Além dos critérios técnicos, é preciso considerar o fato de que a ECMO é um tratamento extremamente especializado, caro e que requer profissionais altamente treinados. Principalmente agora, em um momento pandêmico onde há sobrecarga dos serviços de saúde, se há indícios de lesões potencialmente irreversíveis, a ECMO não deve ser indicada. Isso porque em sistemas colapsados, ter pacientes em ECMO pode prejudicar o funcionamento dos serviços comprometendo a assistência aos outros internados.
Daniel Forte, presidente do Comitê de Bioética do Hospital Sírio Libanês, trouxe outro ponto importante e que deve ser considerado na tomada de decisão: entender os valores do paciente utilizando uma comunicação empática. “Para algumas pessoas, o maior sofrimento seria perder a lucidez e a independência. Para outros, é importante ter qualquer nível de lucidez para interação simples com a família. As pessoas são diferentes e se eu não consigo entender o que é importante para cada um, e o que é considerado sofrimento, não terei a decisão adequada”, diz sugerindo que assim como é feita uma anamnese da doença, deve ser feita uma anamnese de valores.

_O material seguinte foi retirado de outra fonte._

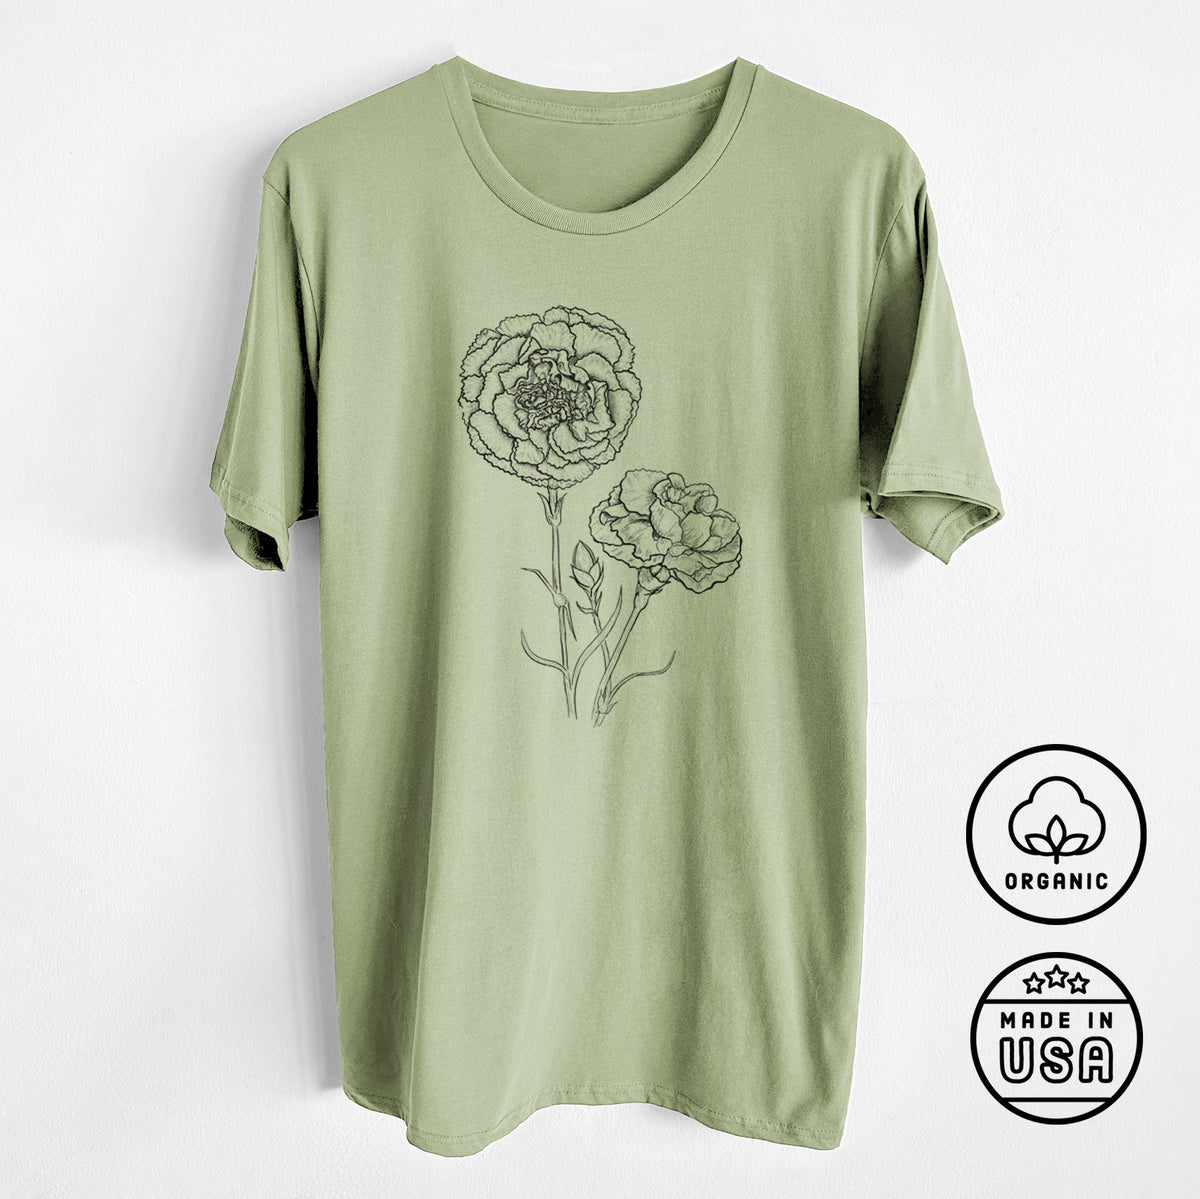 Carnations - Dianthus caryophyllus - Unisex Crewneck - Made in USA - 100% Organic Cotton

Resumindo todo o debate, Forte pontuou que “para a indicação da ECMO ser eticamente adequada, é preciso ter um racional biológico forte, ou seja, evidências de que para pessoas naquela situação há chances minimamente razoáveis de reversão; compreender os valores daquela pessoa; e analisar se há, na infraestrutura local, condições técnicas e consenso entre as equipes que assistem ao paciente para tomar a decisão de seguir ou não por esse caminho”.
*Paradigma do paraquedas – Dentro do conceito da saúde baseada em evidências há sempre uma busca por estudos de alta qualidade científica que suportem a tomada de decisão. Porém, nem sempre esses estudos estão disponíveis e cabe, às equipes, avaliar o momento de adotar determinadas condutas mesmo sem evidências. Nesses casos, deve-se considerar a plausabilidade extrema ou a gravidade extrema. E aqui se encaixa o paradigma do paraquedas. Não precisamos de um estudo clínico randomizado para saber que entre indivíduos que saltam de um avião, o paraquedas é melhor do que o placebo para reduzir a mortalidade.